» **DATA FOR PROCESSING**:
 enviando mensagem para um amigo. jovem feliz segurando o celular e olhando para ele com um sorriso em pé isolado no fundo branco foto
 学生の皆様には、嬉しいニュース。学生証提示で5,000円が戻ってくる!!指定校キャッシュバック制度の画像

--

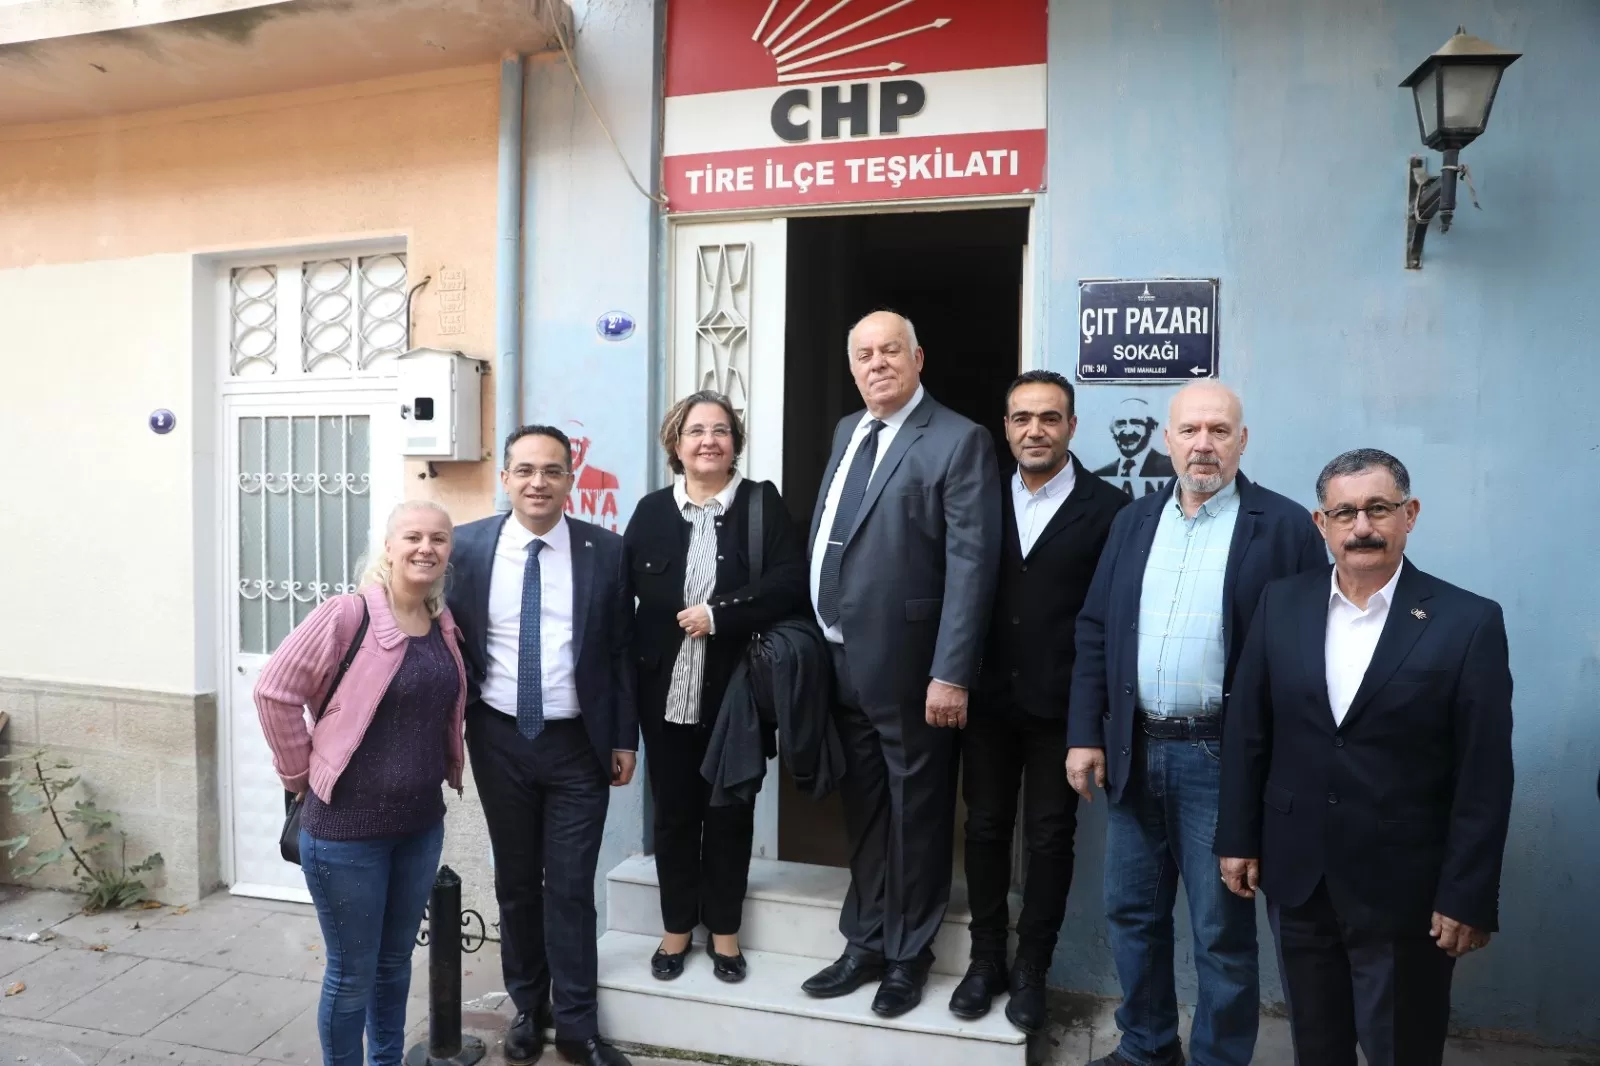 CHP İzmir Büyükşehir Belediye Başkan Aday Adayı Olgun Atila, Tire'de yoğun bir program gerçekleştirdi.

» **EXERCISE PROMPT**: Print exactly the lines above from the one with "enviando mensagem para" to the one with "学生の皆様には、嬉しいニュー", including both.

» **PROBLEM SOLUTION**:
 enviando mensagem para um amigo. jovem feliz segurando o celular e olhando para ele com um sorriso em pé isolado no fundo branco foto
 学生の皆様には、嬉しいニュース。学生証提示で5,000円が戻ってくる!!指定校キャッシュバック制度の画像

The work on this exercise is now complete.